Diz-se que a pensão por morte é “o benefício pago aos dependentes do segurado, homem ou mulher, que falecer, aposentado ou não, conforme previsão expressa do art. 201, V, da Constituição Federal, regulamentada pelo art. 74 da Lei do RGP S. Trata-se de prestação de pagamento continuado, substituidora da remuneração do segurado falecido. Em face disto, considera-se direito irrenunciável dos beneficiários que fazem jus à mesma.” (in Direito Previdenciário, Carlos Alberto Pereira de Castro e João Batista Lazzari, Editora LTR, 3ª Edição, SP, 2002, p. 495).
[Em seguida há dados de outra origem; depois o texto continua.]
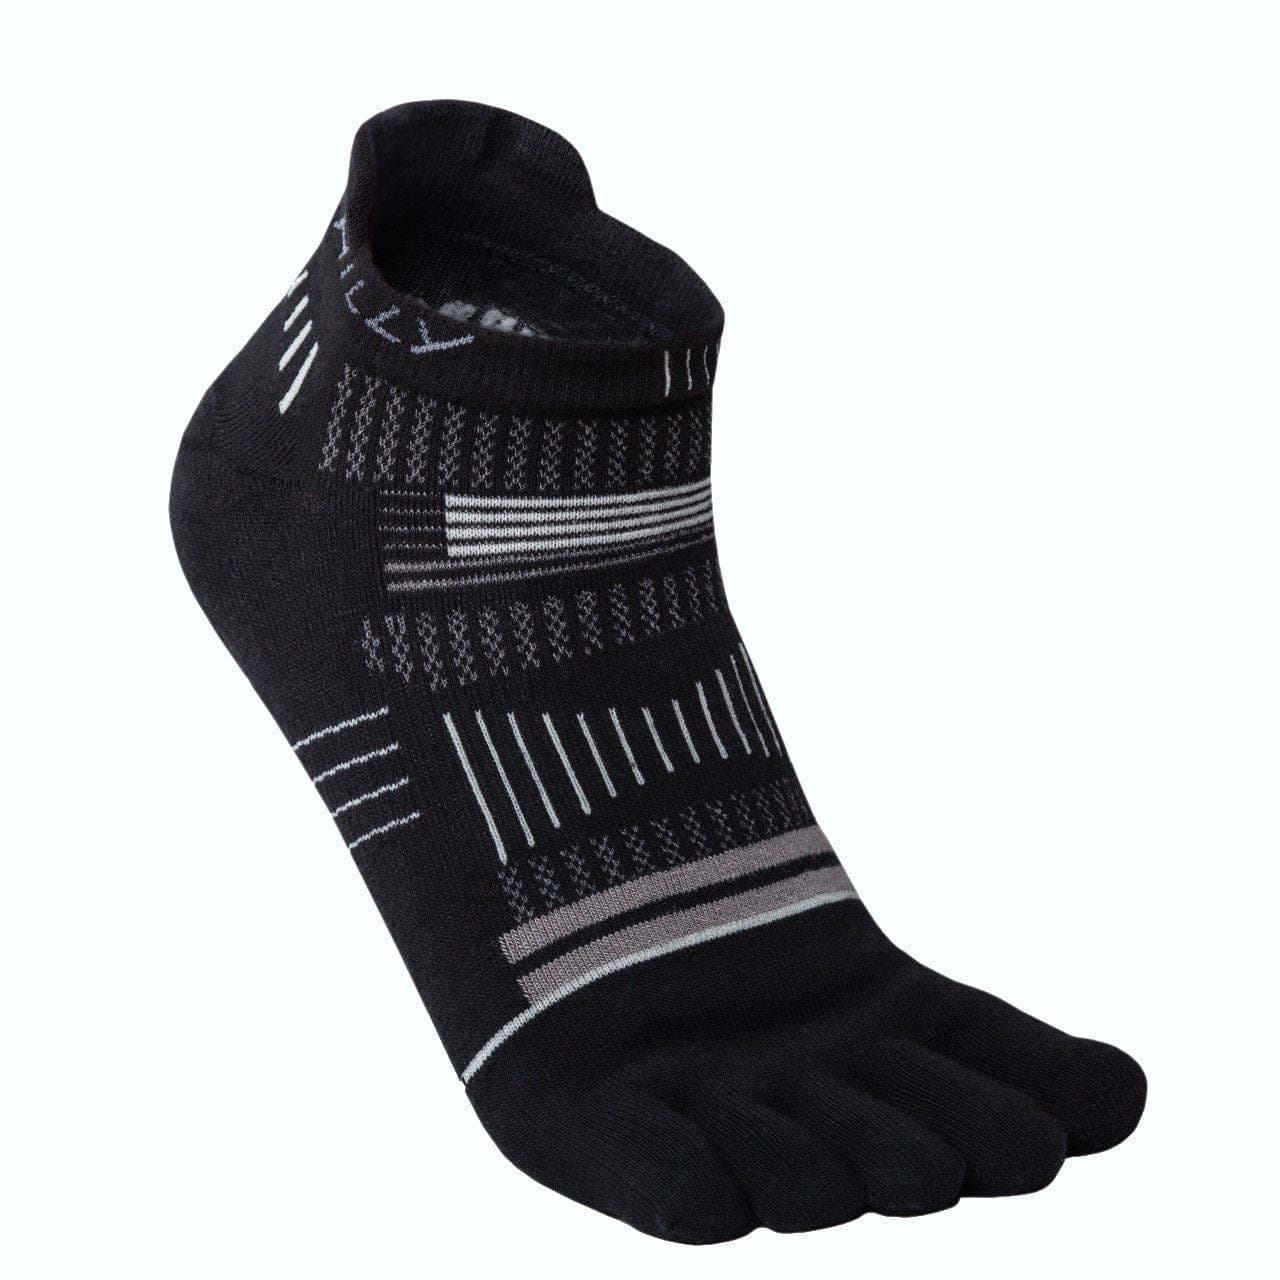 Hilly Toes Socklet Min -  Black/Grey/Light Grey
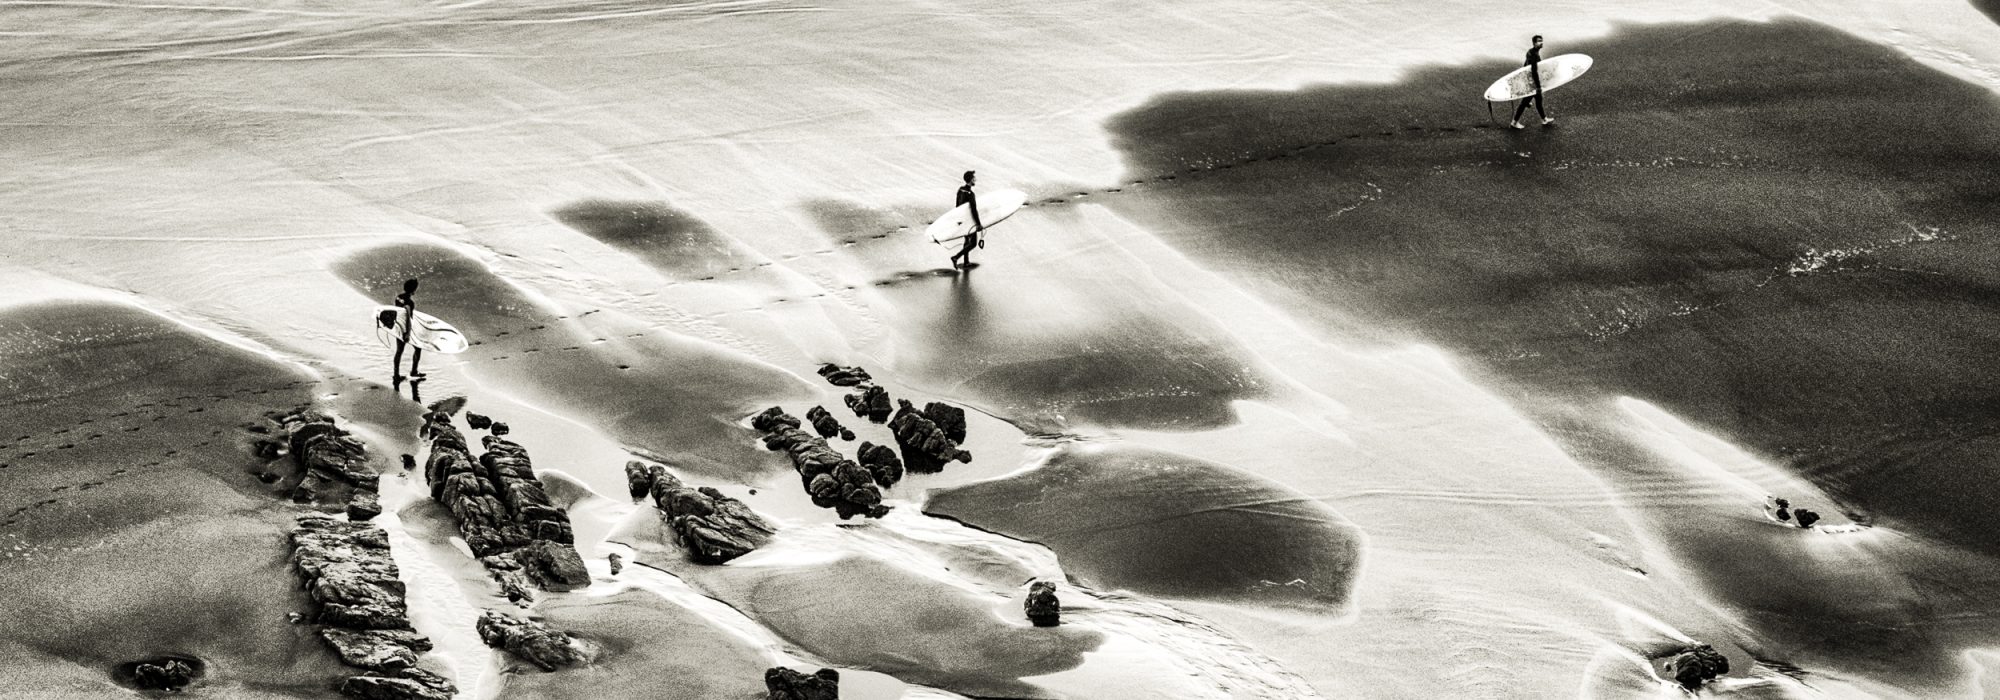 Millor fotografia d'activitats d'aigua: Surf en los Quebrantos (Asturias) de Jose Luis Neira.

Este benefício dispensa carência, por força do previsto no artigo 26, inciso I, Lei n.º 8.213/91.

Percebe-se, desde logo, que o principal requisito para sua concessão é a demonstração da qualidade de dependente, por parte de quem pretende receber em relação ao segurado falecido, o que nos remete ao artigo 16 da mesma lei acima mencionada.

Segundo tal artigo, são beneficiários do Regime Geral da Previdência Social, na condição de dependentes do segurado, aquelas pessoas enumeradas nos incisos I, II e III, sendo que a dependência econômica dos que estão relacionados no inciso I, entre eles o cônjuge e a (o) companheira (o), em relação ao segurado é presumida, conforme consta no § 4º do mesmo artigo.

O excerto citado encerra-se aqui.